The Magazine lists a selection of general interest books, films, and albums by alumni. For additional alumni releases, browse the Magazine’s Goodreads bookshelf.
Waking Gods
Sylvain Neuvel, PhD’03
Author
In Sylvain Neuvel’s sequel to Sleeping Giants (Del Rey, 2016), a team of researchers is working to unravel the mysteries of a towering robot buried on Earth thousands of years previously, when a second robot appears. And a third, and then a whole army. A war breaks out for control of the planet, and the researchers’ discoveries become humanity’s last line of defense against a complete takeover.
Minor Characters Have Their Day: Genre and the Contemporary Literary Marketplace
Jeremy Rosen, AM’04, PhD’11
Author
The trend started in the late 1960s with works like Wide Sargasso Sea and Rosencrantz and Guildenstern Are Dead, and now authors from Geraldine Brooks (March) to Margaret Atwood (The Penelopiad) have published books that retell classic literature from another character’s perspective. University of Utah assistant professor Jeremy Rosen investigates the new genre of “minor character elaboration” and argues it reflects both a neoliberal emphasis on individual experience and publishers’ desire to market new novels to great books readers.
The Working Class Republican: Ronald Reagan and the Return of Blue-Collar Conservatism
Henry Olsen, JD’90
Author
Republican icon Ronald Reagan is the true heir of Democratic hero Franklin Delano Roosevelt, argues Ethics and Public Policy Center senior fellow Henry Olsen—both presidents focused on providing working-class Americans the economic security and dignity of a steady job. Conservatives have been making gains over the past three decades by embracing this New Deal populism, posits Olsen, and should continue to promote the vision that Roosevelt and Reagan shared.
Fallout
Sara Paretsky, AM’69, MBA’77, PhD’77
Author
In Sara Paretsky’s latest V. I. Warshawski mystery, a film student goes missing in a Kansas college town. Warshawski’s investigation draws her into the racial tensions that have long plagued the area, and that may hold clues to the disappearance.
The Great Rescue: American Heroes, an Iconic Ship, and Saving Europe During World War I
Peter Hernon, AM’72
Author
When the United States entered World War I in 1917, the US Navy seized a German luxury ocean liner from New York Harbor, renamed it the USS Leviathan, and used it to ferry American soldiers to fronts in France. On the centennial of America joining the fight, journalist Peter Hernon uses the ship and its array of passengers—generals and reporters, nurses and a future president—to offer a unique history of the Great War.
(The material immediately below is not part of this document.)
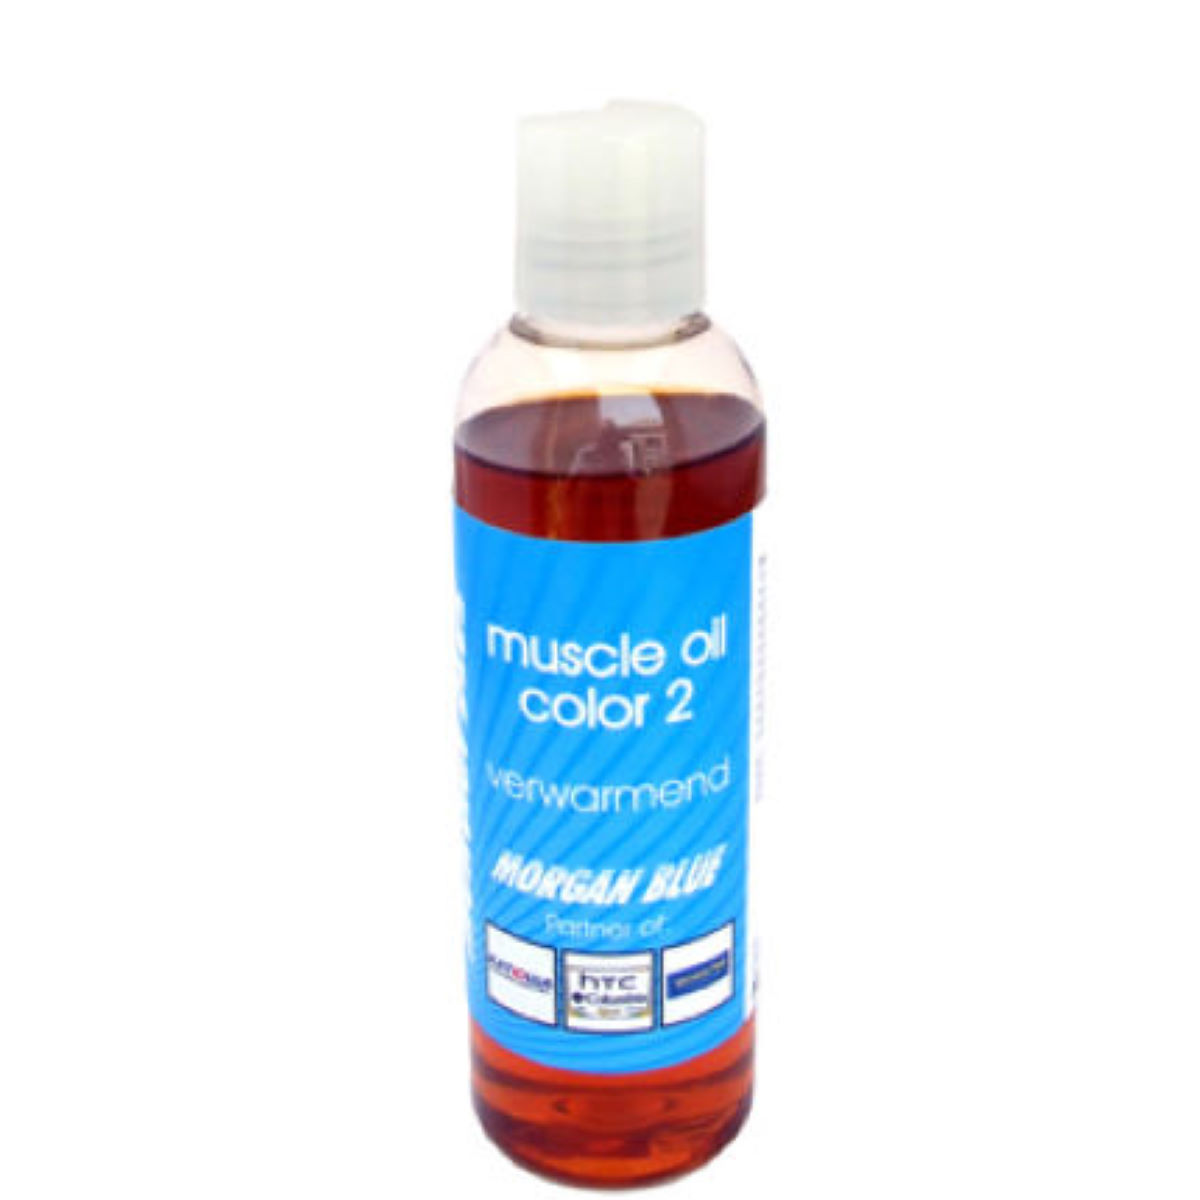 Aceite muscular Morgan Blue Muscle Oil Color 2 (200 ml) - Lociones musculares

Blast the Sugar Out! Lower Blood Sugar, Lose Weight, Live Better
Ian K. Smith, MD’97
Author
The author of the best-selling Shred nutrition series, physician and media personality Ian K. Smith offers a new five-week plan for reducing sugar consumption with the goals of both losing weight and improving overall health. Providing simple low-sugar substitutions, exercise ideas, and more than 45 recipes, Blast the Sugar Out! aims to help readers eat, and love, healthy foods.
Late in the Empire of Men
Christopher Kempf, AM’16
Author
In his debut poetry collection, Christopher Kempf uses his own coming of age in Ohio and California to explore the United States’ larger history of westward expansion and colonialism. Through imagery and reappropriated rhetoric, Kempf explores how American culture shapes and confines young men.
The Sensational Past: How the Enlightenment Changed the Way We Use Our Senses
Carolyn Purnell, AM’07, PhD’13
Author
Enlightenment thinkers, seeking to make sense of their world, employed sight, sound, touch, taste, and smell in ways that seem shocking today—blindfolded children, intentional addictions, pianos made of live cats. Historian Carolyn Purnell delves into this often-bizarre history of sensation and shows how Enlightenment-era sensory experiments continue to shape the way people experience life three centuries later.